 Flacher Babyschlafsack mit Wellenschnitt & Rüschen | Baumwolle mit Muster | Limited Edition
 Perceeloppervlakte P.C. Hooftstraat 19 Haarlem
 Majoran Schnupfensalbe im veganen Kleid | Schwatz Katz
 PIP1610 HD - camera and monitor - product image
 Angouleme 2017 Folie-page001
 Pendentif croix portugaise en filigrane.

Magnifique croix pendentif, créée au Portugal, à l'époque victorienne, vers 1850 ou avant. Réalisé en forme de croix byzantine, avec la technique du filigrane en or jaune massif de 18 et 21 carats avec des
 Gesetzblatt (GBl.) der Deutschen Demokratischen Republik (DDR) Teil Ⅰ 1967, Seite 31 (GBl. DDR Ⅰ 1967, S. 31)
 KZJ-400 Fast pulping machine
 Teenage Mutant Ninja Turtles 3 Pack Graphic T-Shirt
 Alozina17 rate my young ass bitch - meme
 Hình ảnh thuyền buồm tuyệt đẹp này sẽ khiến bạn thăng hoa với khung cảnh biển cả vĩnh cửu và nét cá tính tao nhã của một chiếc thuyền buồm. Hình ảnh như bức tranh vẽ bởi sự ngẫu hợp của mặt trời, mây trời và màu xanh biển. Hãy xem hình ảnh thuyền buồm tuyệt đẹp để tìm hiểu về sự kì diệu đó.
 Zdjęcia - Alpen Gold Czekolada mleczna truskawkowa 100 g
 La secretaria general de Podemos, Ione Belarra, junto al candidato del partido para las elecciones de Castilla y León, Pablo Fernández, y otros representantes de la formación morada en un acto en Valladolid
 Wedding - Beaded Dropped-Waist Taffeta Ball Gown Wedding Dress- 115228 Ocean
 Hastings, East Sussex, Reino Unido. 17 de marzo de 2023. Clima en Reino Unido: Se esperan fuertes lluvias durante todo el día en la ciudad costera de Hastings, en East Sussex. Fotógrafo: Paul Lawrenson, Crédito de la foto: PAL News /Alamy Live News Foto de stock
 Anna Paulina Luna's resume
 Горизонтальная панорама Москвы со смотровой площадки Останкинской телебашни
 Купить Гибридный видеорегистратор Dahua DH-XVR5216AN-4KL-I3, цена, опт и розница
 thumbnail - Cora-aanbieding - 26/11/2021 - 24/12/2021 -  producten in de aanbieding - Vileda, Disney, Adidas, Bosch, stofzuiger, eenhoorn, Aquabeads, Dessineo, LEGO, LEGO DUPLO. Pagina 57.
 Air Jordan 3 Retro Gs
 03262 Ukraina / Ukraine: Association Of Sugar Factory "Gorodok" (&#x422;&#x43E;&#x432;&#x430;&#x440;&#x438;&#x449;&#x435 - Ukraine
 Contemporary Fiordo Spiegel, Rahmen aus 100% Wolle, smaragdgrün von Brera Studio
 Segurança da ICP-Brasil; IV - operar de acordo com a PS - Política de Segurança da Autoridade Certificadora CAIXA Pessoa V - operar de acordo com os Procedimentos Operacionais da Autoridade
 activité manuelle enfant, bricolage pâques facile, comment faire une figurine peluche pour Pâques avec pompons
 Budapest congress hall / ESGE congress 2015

What the exercise asks: Within the records above, work out on how many lines the string "filigrane" appears, and give only that number.

Answer: 2